Acabava de chegar a casa, vindo do Hotel Altis, da conferência de imprensa da Aliança Democrática, onde tinham estado Francisco Sá Carneiro, Diogo Freitas do Amaral e o General Soares Carneiro, o candidato da AD às eleições presidenciais. O ambiente era tenso, adivinhava-se já, a poucos dias do acto eleitoral, a vitória do General Ramalho Eanes e Sá Carneiro - que, sem saber, acabara de participar no seu último acto político - ameaçara demitir-se do cargo de primeiro-ministro se o seu candidato fosse derrotado. Do Altis seguiria com Snu Abecassis para o Aeroporto de Lisboa, onde voaria para o Porto com Amaro da Costa, ministro da Defesa, para participarem no comício de encerramento da campanha.
"Morreu o Sá Carneiro!", disse-me o meu avô mal entrei em casa. Fiquei estupefacto. "Morreu como? Ainda agora vim da sua conferência de imprensa...". "Caíu o avião em que ia para oi Porto", respondeu-me o meu avô. Corri para a sala e fiquei colado à televisão.
Não tinha uma enorme simpatia política por Sá Carneiro. Nesse mesmo ano, em que a sua AD ganhara as legislativas com maioria absoluta, eu tinha sido candidato (nº 2 por Santarém) pela Frente Nacional na coligação integrada ainda pelo MIRN e pelo PDC.
Falara uma única vez com ele numa daquelas maratonas que eram, ao tempo, as noites eleitorais passadas na Gulbenkian. Fumava um cigarro e bebia um café ao balcão quando o cumprimentei, me identifiquei como jornalista de "A Rua" e lhe fiz algumas perguntas. Tinha um olhar penetrante, era um político astuto, cativava.
Entretanto tocou o telefone.
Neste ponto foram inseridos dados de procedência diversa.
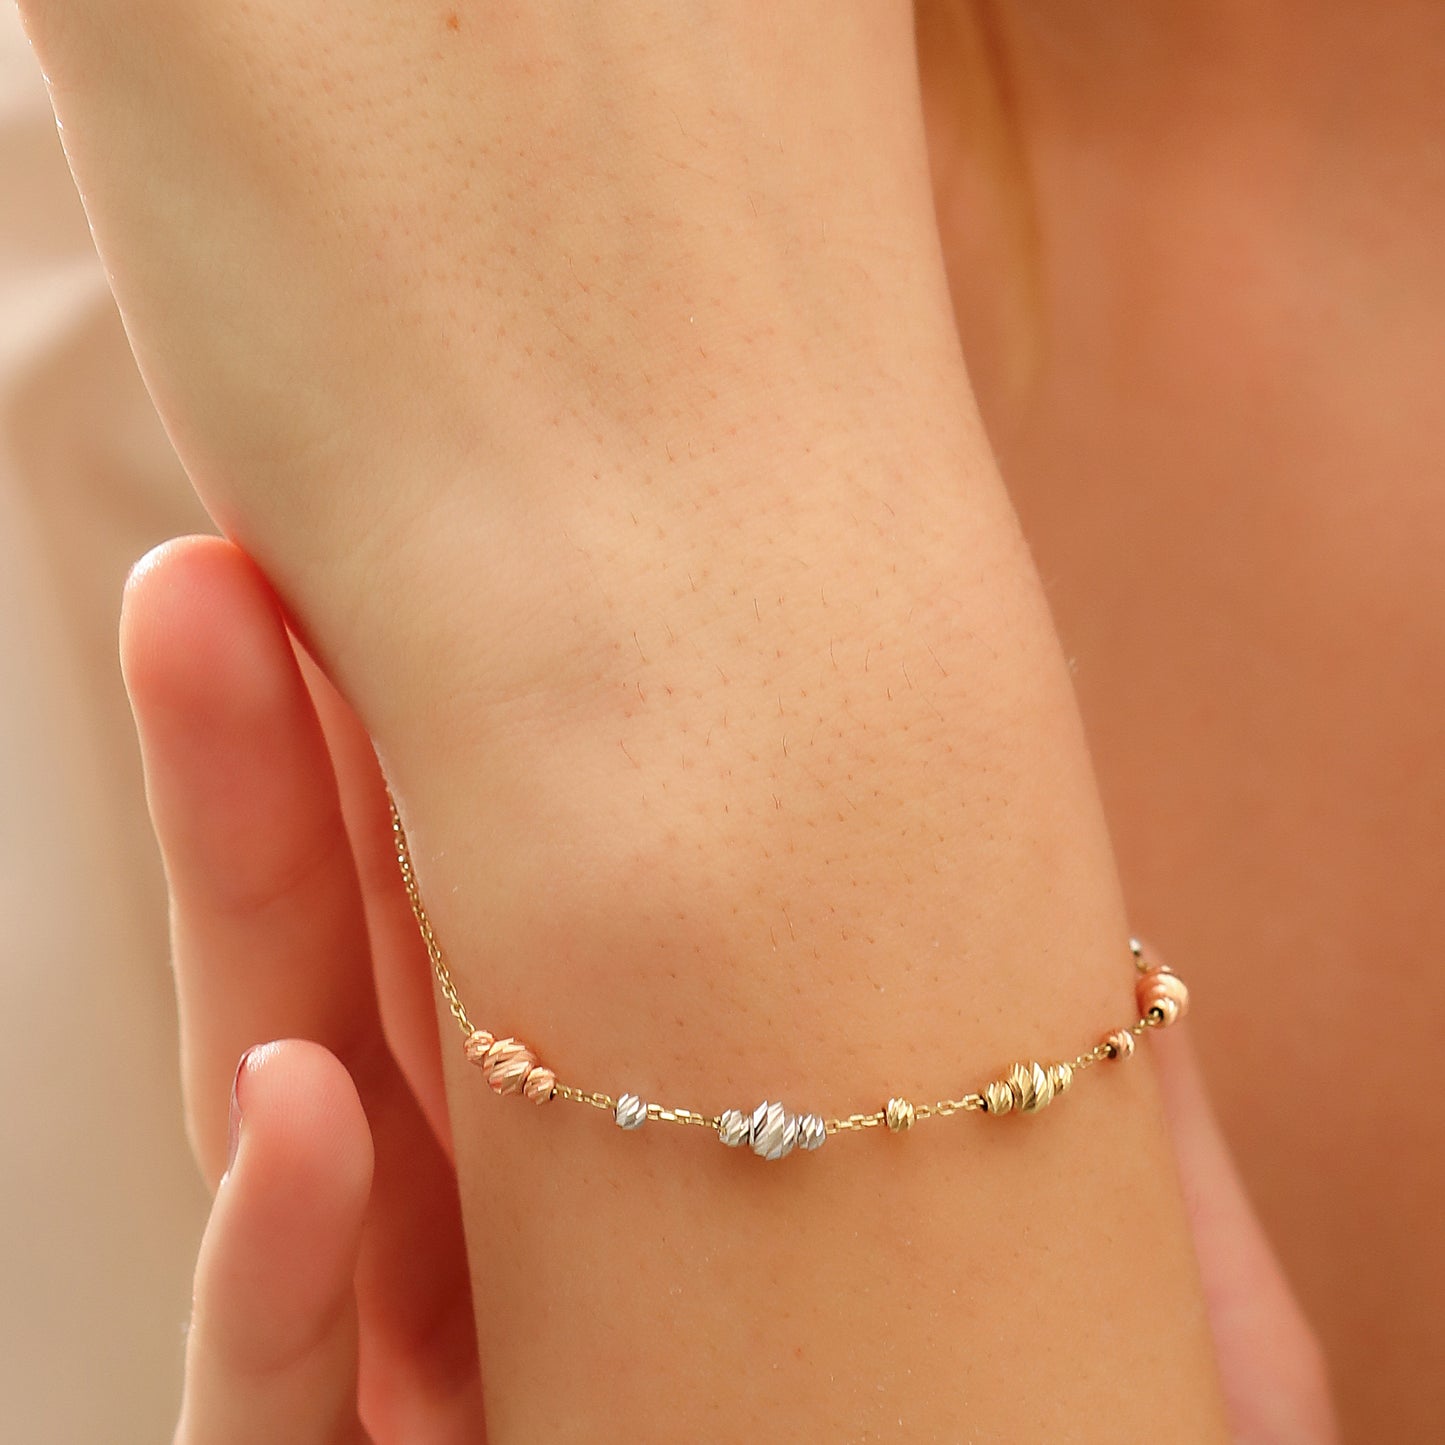 Dorika Armband - Dorika Armband - Date Armband Silber/Gold - Zierliches verstellbares Armband, Geschenk für sie – Geschenk zum Geburtstag

Era o meu director Manuel Múrias. "Onde estás, puto?", tratava-me sempre assim. "Vai já para Camarate!". Liguei ao Vitor Escudero. "Apanha-me em casa e vamos a Camarate!". O Vitor tinha um Honda 600. Fomos.
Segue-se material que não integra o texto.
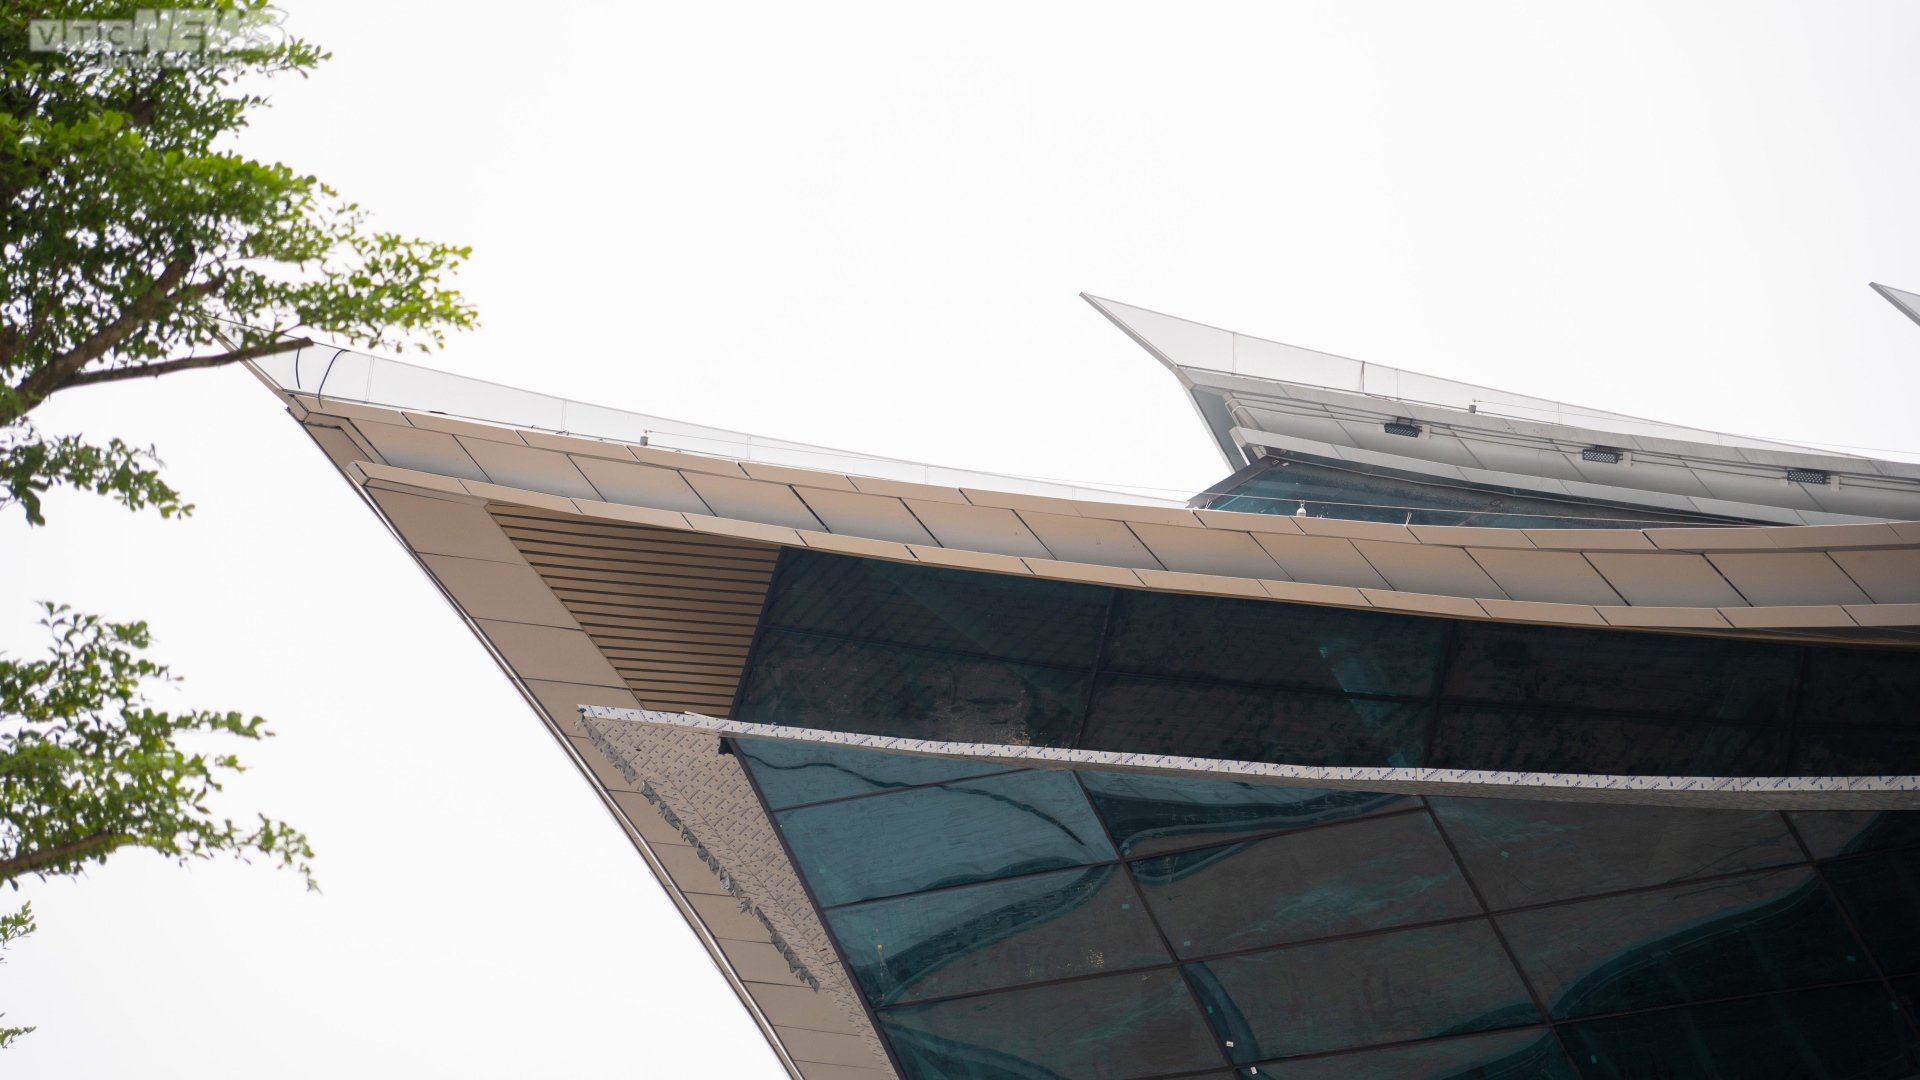 Cận cảnh nhà ga hàng không 2.200 tỷ mang kiến trúc cung đình Huế - Ảnh 3.

O cenário era dantesco. Cheirava horrivelmente a queimado, havia bocados do avião espalhados pela rua, uma asa contra um prédio, muitos polícias e uma imensa multidão de curiosos, entre alguns jornalistas. No chão, tapados com cobertores, estavam os corpos carbonizados das vítimas: Francisco Sá Carneiro e Snu, António Patrício Gouveia (chefe de gabinete do primeiro-ministro), Adelino Amaro da Costa e sua Mulher, Maria Manuel Simões Vaz da Silva Pires e os pilotos Alfredo de Sousa e Jorge Albuquerque. São imagens que não se esquecem mais.
Se bem me lembro, ceámos a seguir no "Galeto". Ou mal comemos. Todo o mundo estava em choque. Na manhã seguinte fui cedo para o jornal e fiz a reportagem, contei o que vira e sentira naquela dramático cenário em Camarate no Bairro das Fontainhas. Manuel Múrias sugeriu a capa da próxima edição: de alto a baixo, as fotos de Sá Carneiro e Amaro da Costa e um título único - "Presentes!".
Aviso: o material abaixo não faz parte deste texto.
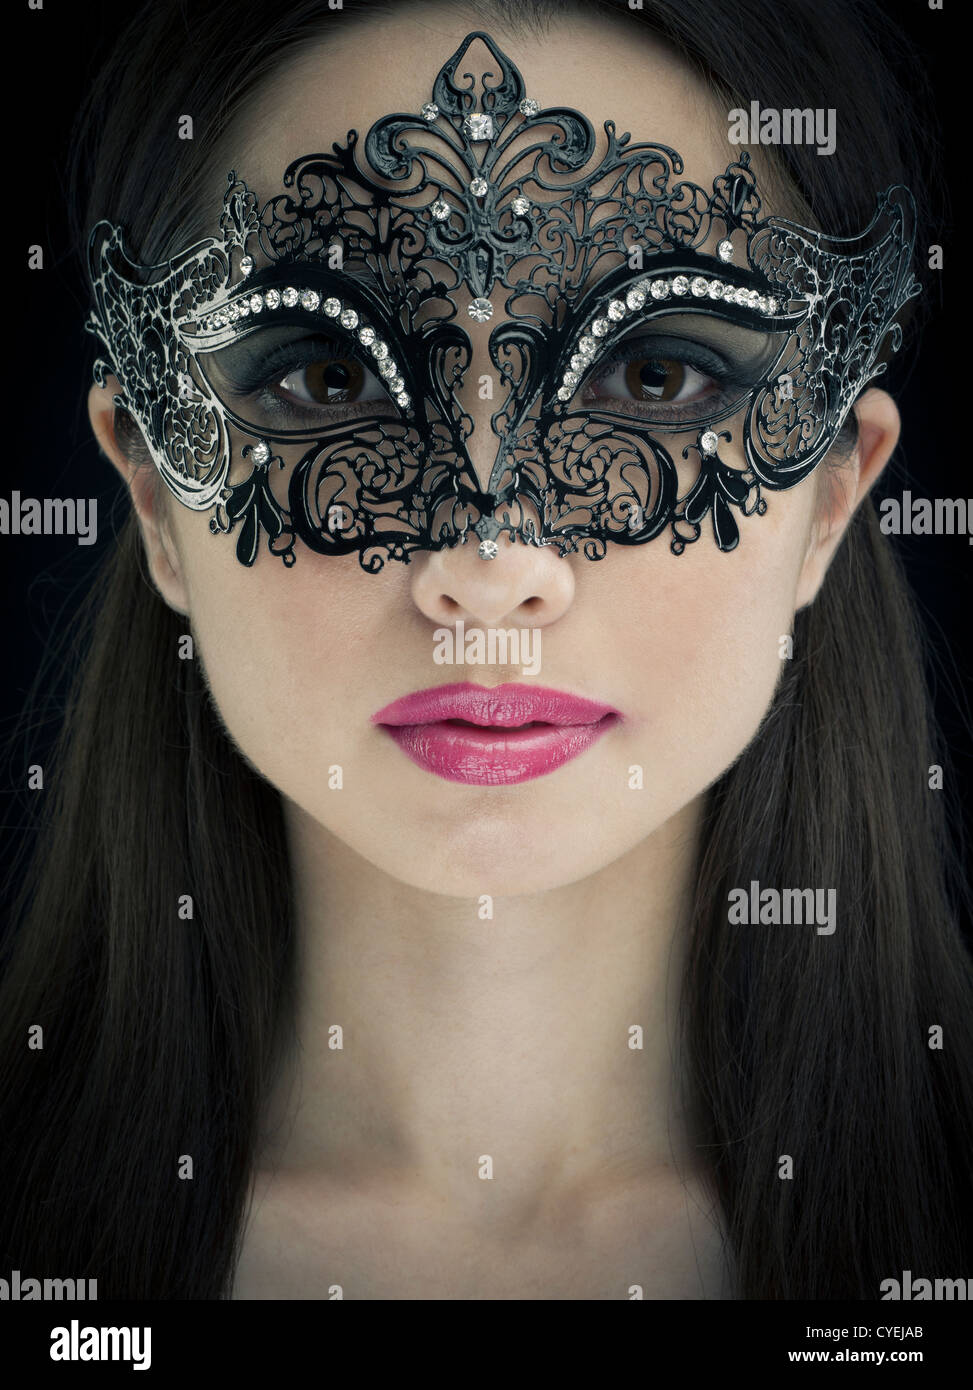 Máscara Veneciana Del Carnaval De La Mascarada De La Mujer Modelo De La  Belleza Que Lleva En El Partido Imagen de archivo - Imagen de persona,  traje: 132628377

No dia 1 de Janeiro recomecei a trabalhar no jornal "O Diabo". Augusto Cid, Nuno Rogeiro e Noberto de Andrade compunham o núcleo duro da equipa que estava a investigar Camarate. A que me juntei, por sugestão da Maria Armanda (Vera Lagoa).
Seguiram-se meses, anos, de investigações, andei com o Cid por todo o lado, lembro-me de termos entrevistado na Av. Almirante Reis a irmã de Lee Rodrigues, o suspeito (até hoje) de ter colocado a bomba no Cessna. Entrevistei várias vezes José Esteves, que em todas as entrevistas que deu, incluindo às televisões, assumiu ter sido o fabricante do engenho explosivo que terá provocado a queda do Cessna em Camarate momentos depois de ter descolado da Portela. Acompanhei as inúmeras Comissões de Inquérito na Assembleia da República - que nunca serviram para nada, apesar das conclusões que apontavam sempre para um atentado e nunca para um acidente.
Houve ao longo de todo o processo indícios mais que suficientes, assim como muitos equívocos e demasiadas omissões, que apontavam para atentado. Mas nunca ninguém foi mais além...
Escreveram-se vários livros a tentar provar isso mesmo. Augusto Cid escreveu o primeiro. Depois outro. E a seguir vieram muitos mais. Nos últimos anos, os mais importantes terão sido o do jornalista Frederico Duarte Carvalho, que aponta o negócio das armas para o Irão como a grande causa do atentado; e agora o de Alexandre Patrício Gouveia (irmão do chefe de gabinete de Sá Carneiro, uma das vítimas) intitulado precisamente "Os Mandantes do Atentado de Camarate - O Envolvimento Americano".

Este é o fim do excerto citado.